In this chapter, it was proposed to evaluate the performance between the MLP and LVQ neural networks configurations to determine the set of expert classifiers to compose a multilevel recognition system. The developed methodology associates the efficient coding of the speech signal through DCT two-dimensional time matrix of low order with integration between MLP and LVQ expert neural networks and Gaussian radial basis functions to develop a speech recognition system of high performance. In view of the presented results, it was concluded that the parameterization of the speech signal through the generation of the DCT two-dimensional time matrix proposed in the methodology proved to be efficient in the formation of the set of input patterns.
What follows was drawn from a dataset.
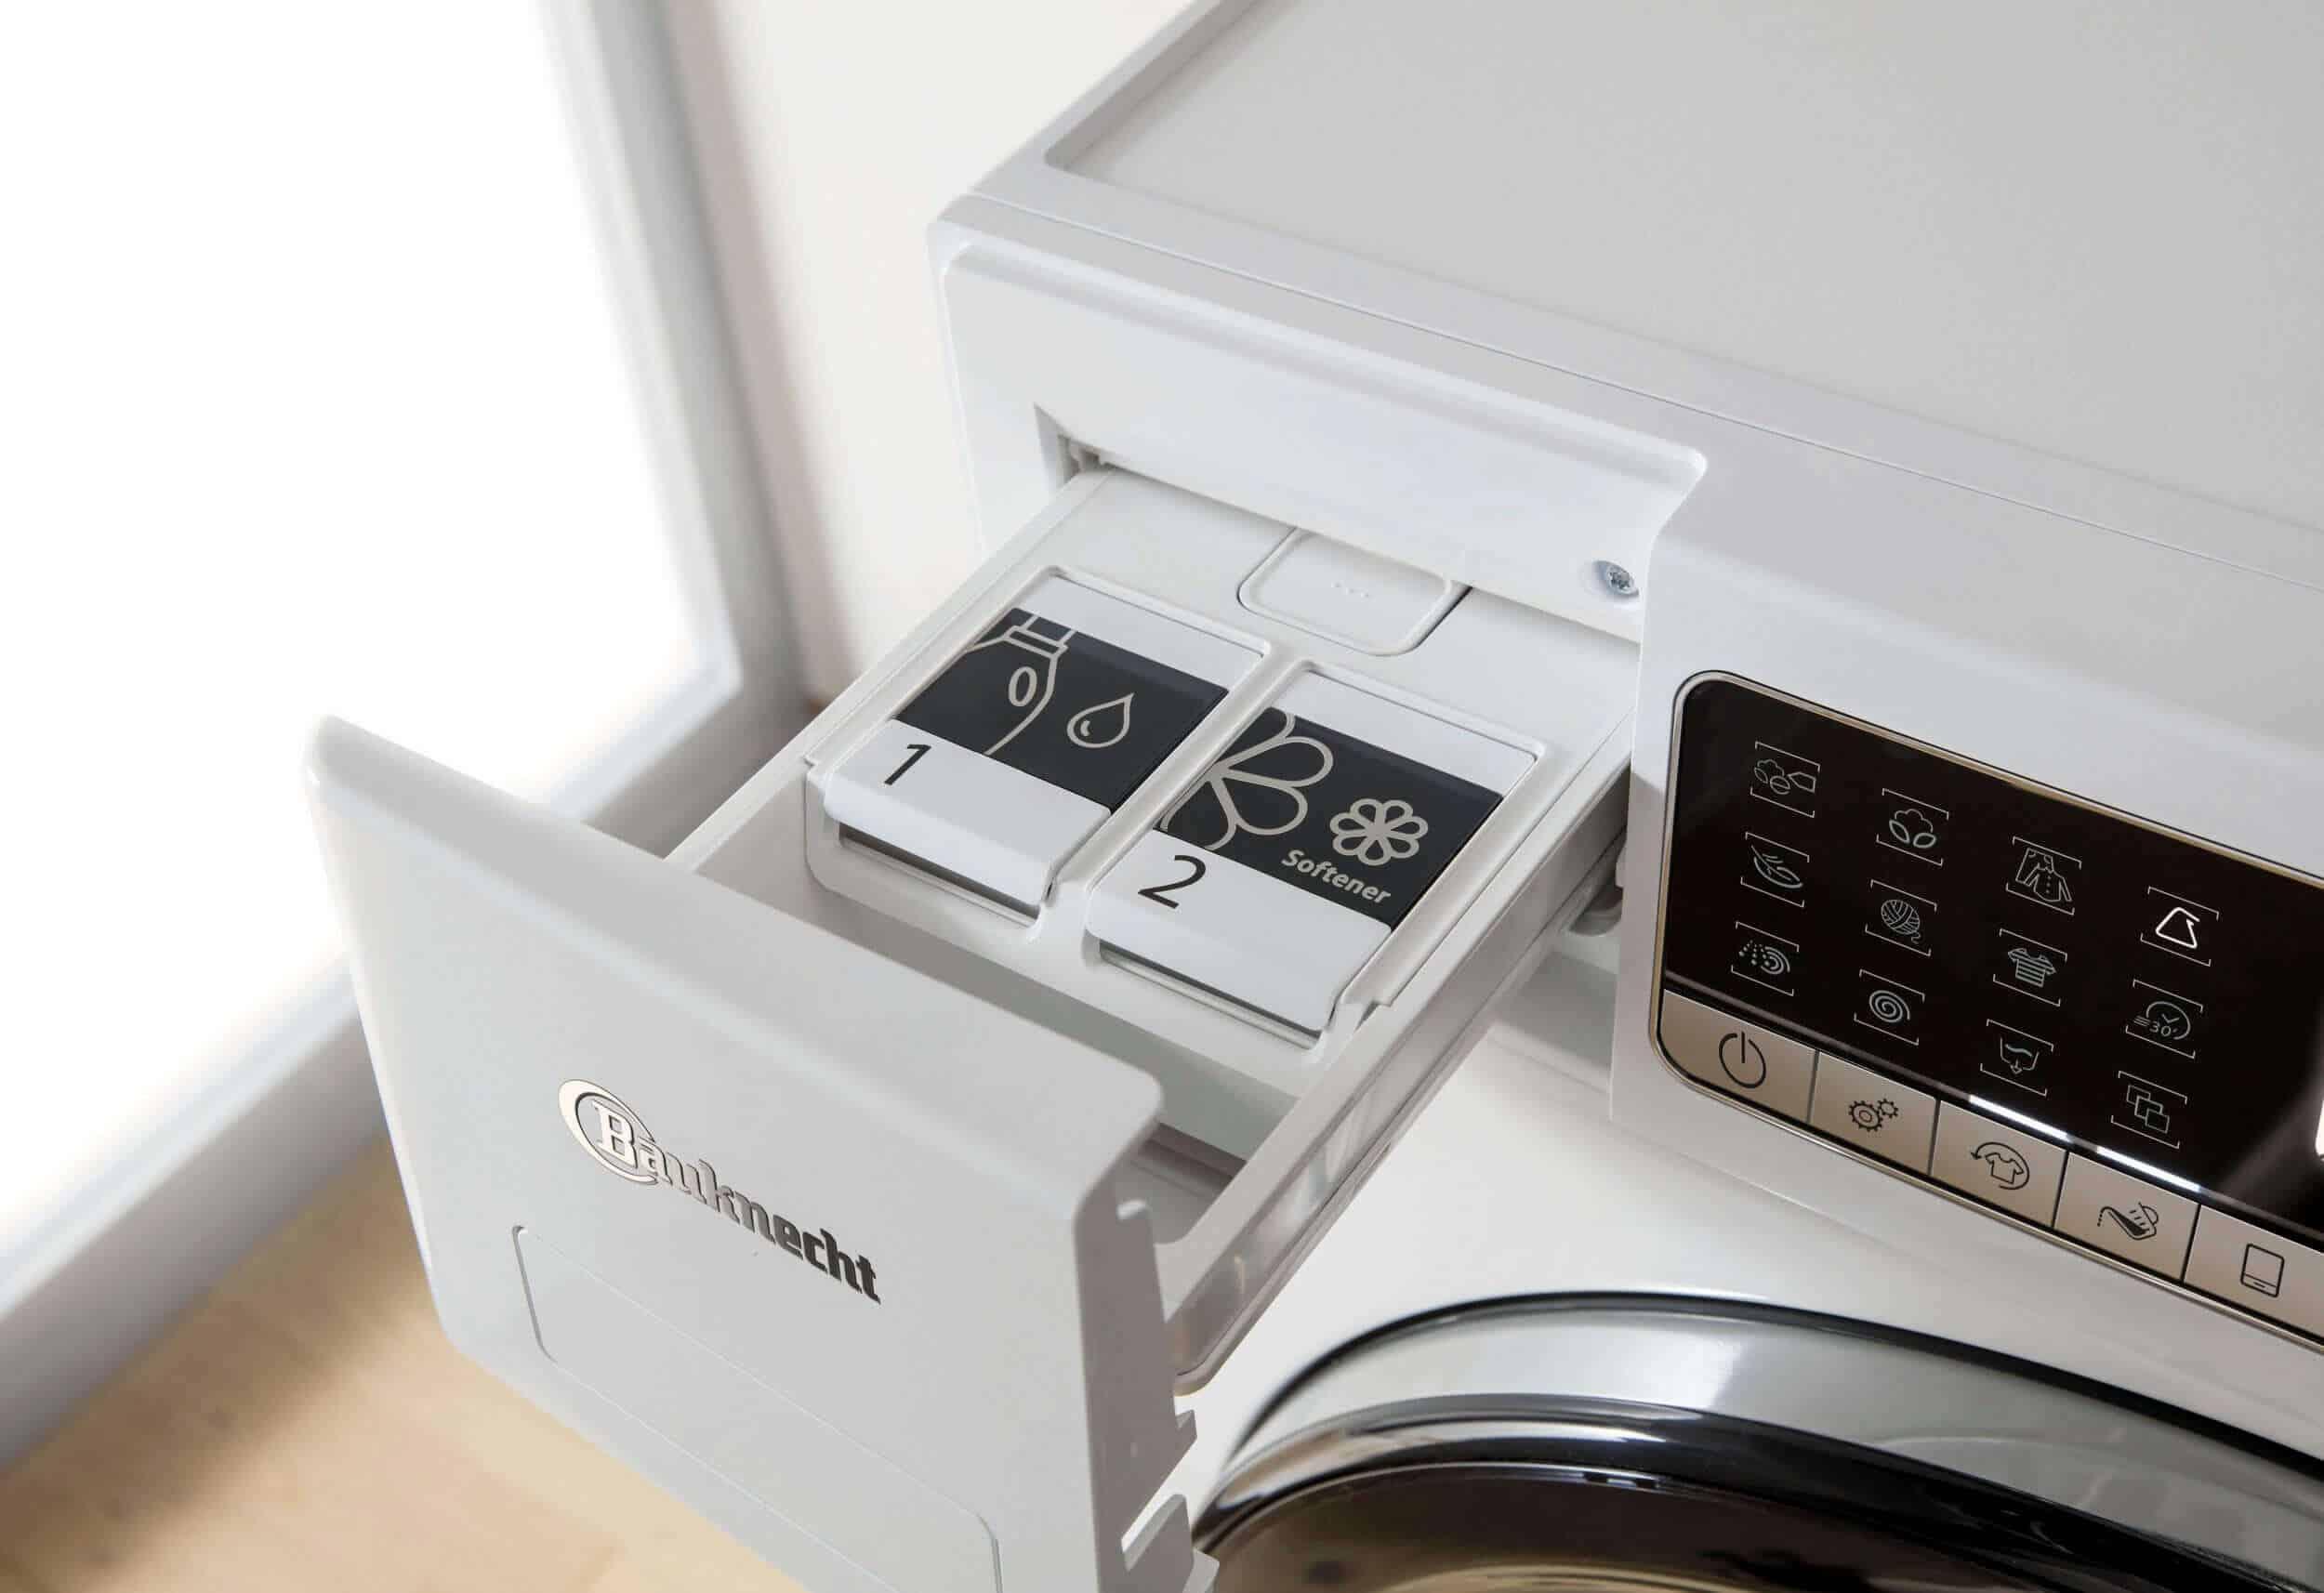 Bauknecht wm style 1024 zen waschmaschine im test 07 2018

They were modified by a Gaussian radial basis functions set parameterized with centroid and variances of the classes and they are the inputs presented to the neural networks during the training and validation step. It was verified that despite the small number of parameters that constitute a speech signal pattern, the two-dimensional time matrix can represent the long-term variations of the locutions spectral envelope to be recognized and these characteristics are reproduced in proposed multidimensional space. The versatility of the Gaussian radial basis function set in proposed recognition system structure demonstrates the potential of these functions. It is emphasized that the parameters of the RBF models were adequately determined, since hit rate in preclassification step was higher than 80%. It was verified that the increase in neurons number of the MLP and LVQ neural networks did not show significant improvements in the global validation hit, which was the criterion used to select the best topologies for the application of the tests. Based on the tests carried out, it was verified that the LVQ network can be used satisfactorily in pattern recognition problems, specifically for multilevel speech recognition system proposed in this chapter. This is evidenced by the very close performance of the MLP Network, which is widely used in pattern classification. Finally, the performance in the multiclass task of speech signal patterns given by the integration between Gaussian radial basis functions and set of expert neural networks is highlighted.